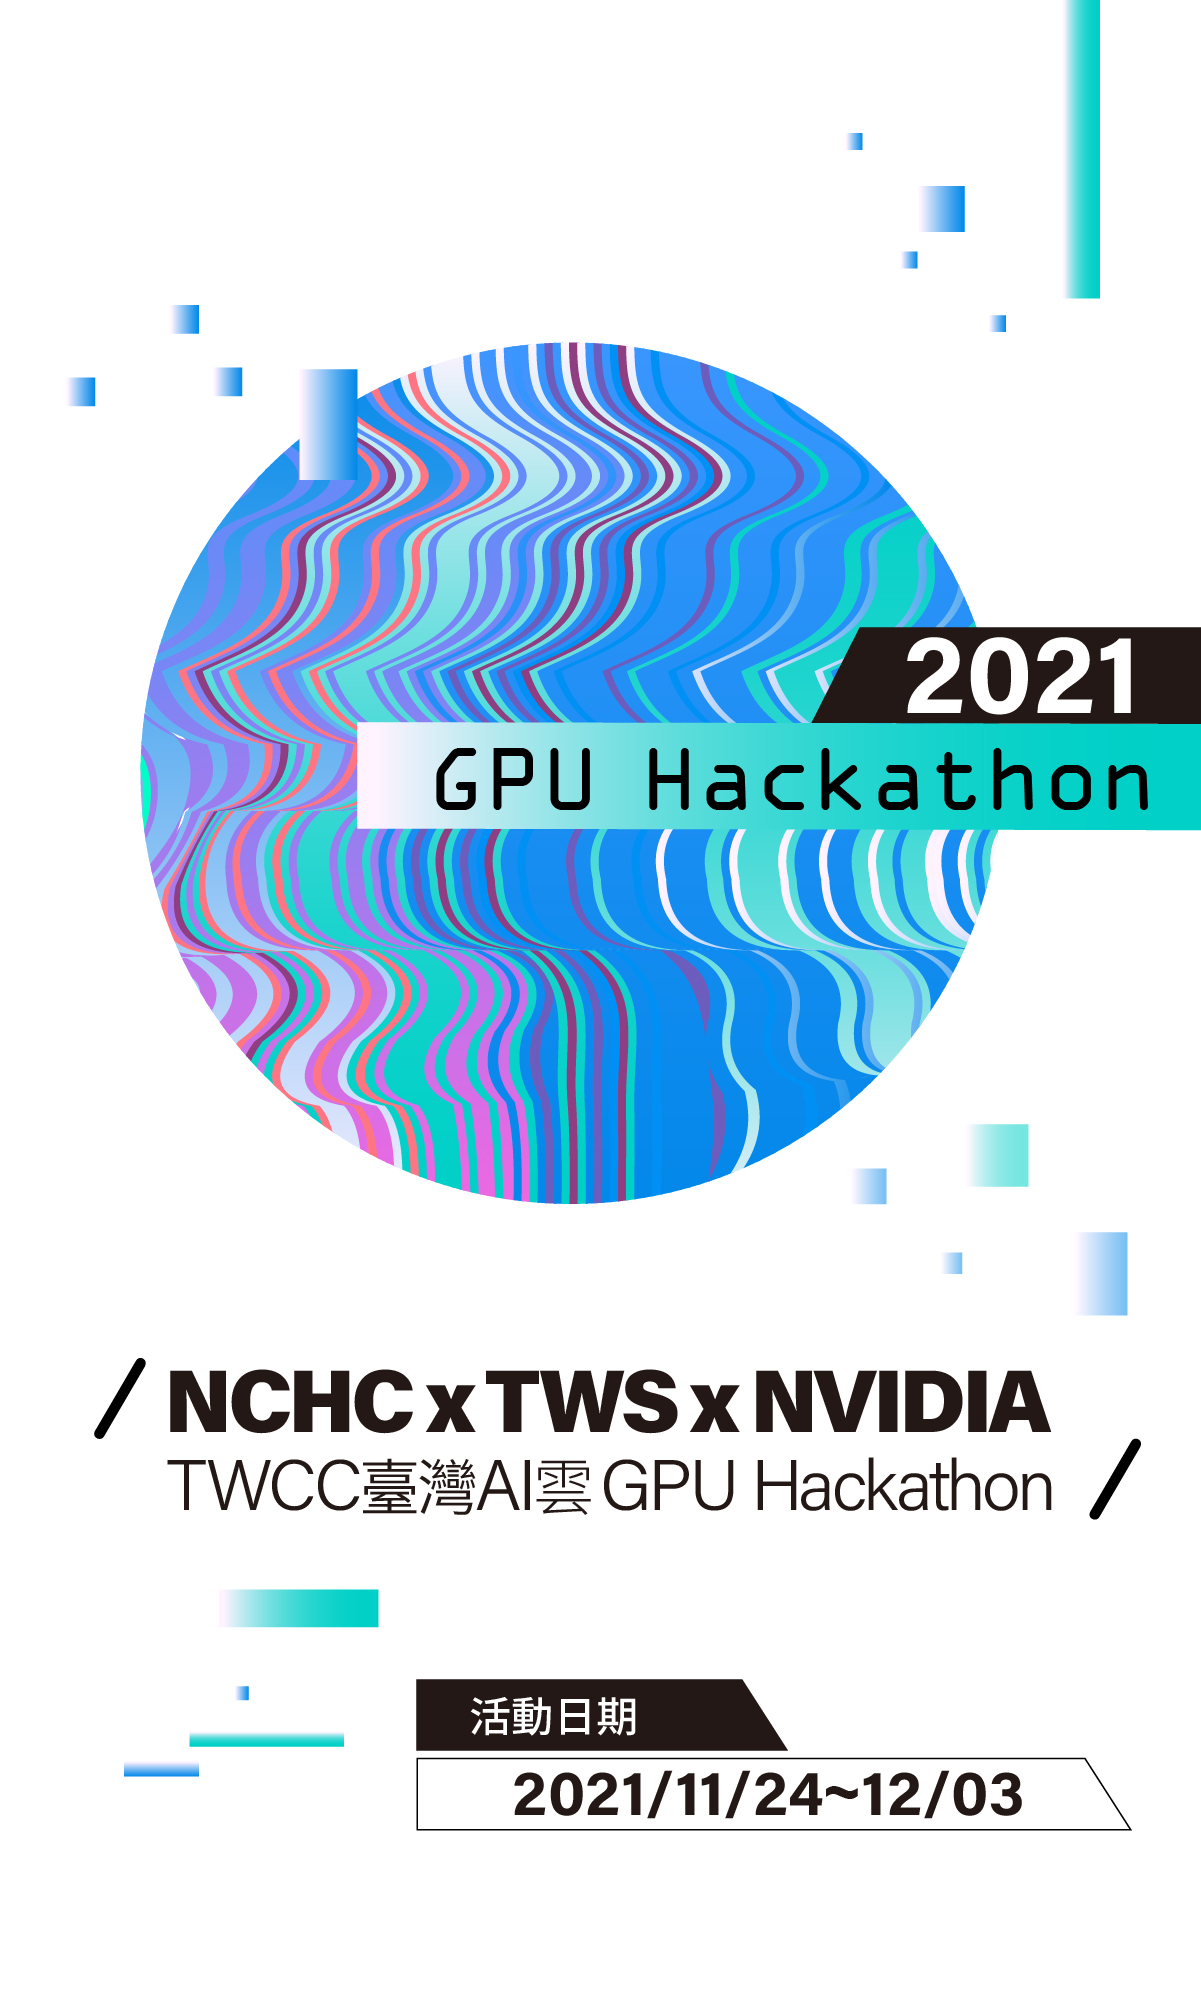 TWCC 臺灣AI 雲GPU Hackathon 2021
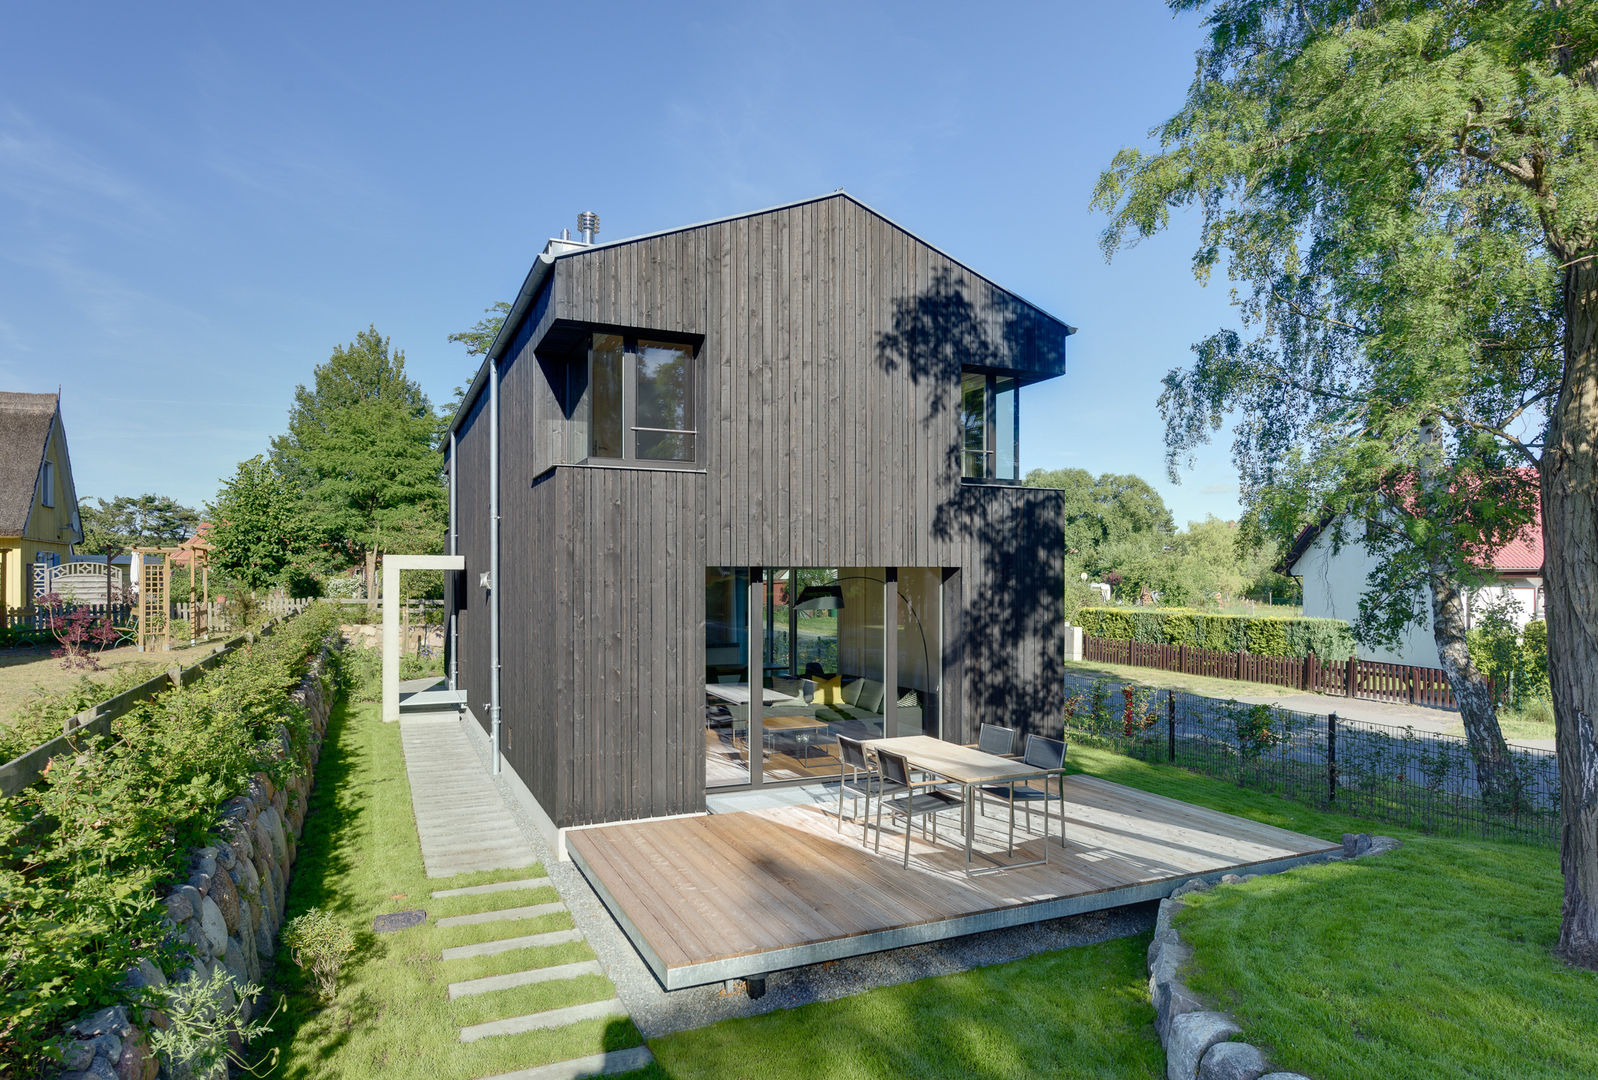 Modernes Ferienwohnhaus in Anlehnung an ein traditionelles Drempelhaus, Möhring Architekten Möhring Architekten Tejados a dos aguas
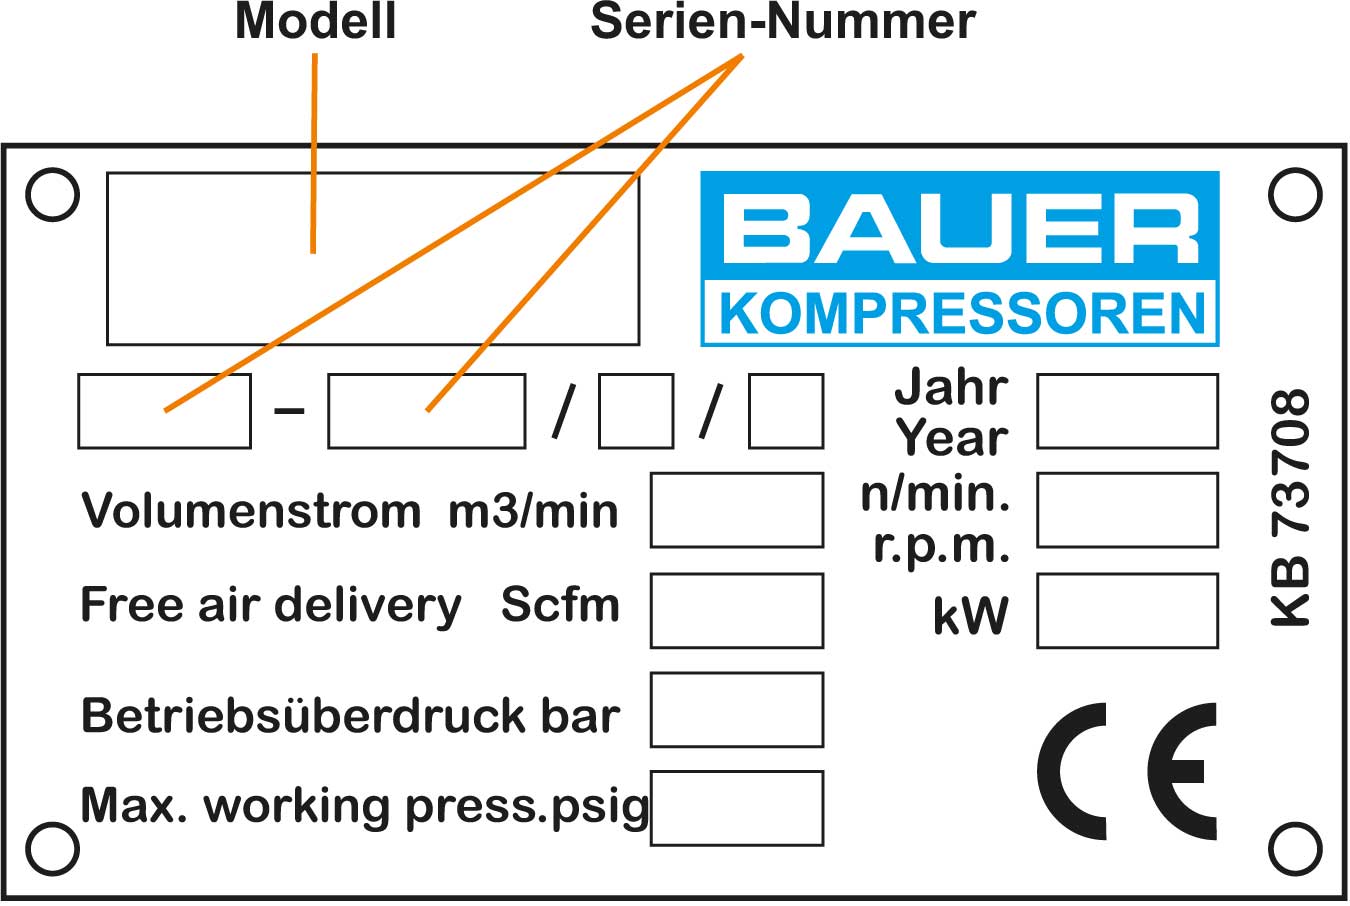 Elbe-Airtec Kompressorenservice, Typenschild Bauer Kompressoren

# What to do:
This exercise calls for the complete listing, returned exactly and without images.

# Output of the exercise:
 TWCC 臺灣AI 雲GPU Hackathon 2021
 Modernes Ferienwohnhaus in Anlehnung an ein traditionelles Drempelhaus, Möhring Architekten Möhring Architekten Tejados a dos aguas
 Elbe-Airtec Kompressorenservice, Typenschild Bauer Kompressoren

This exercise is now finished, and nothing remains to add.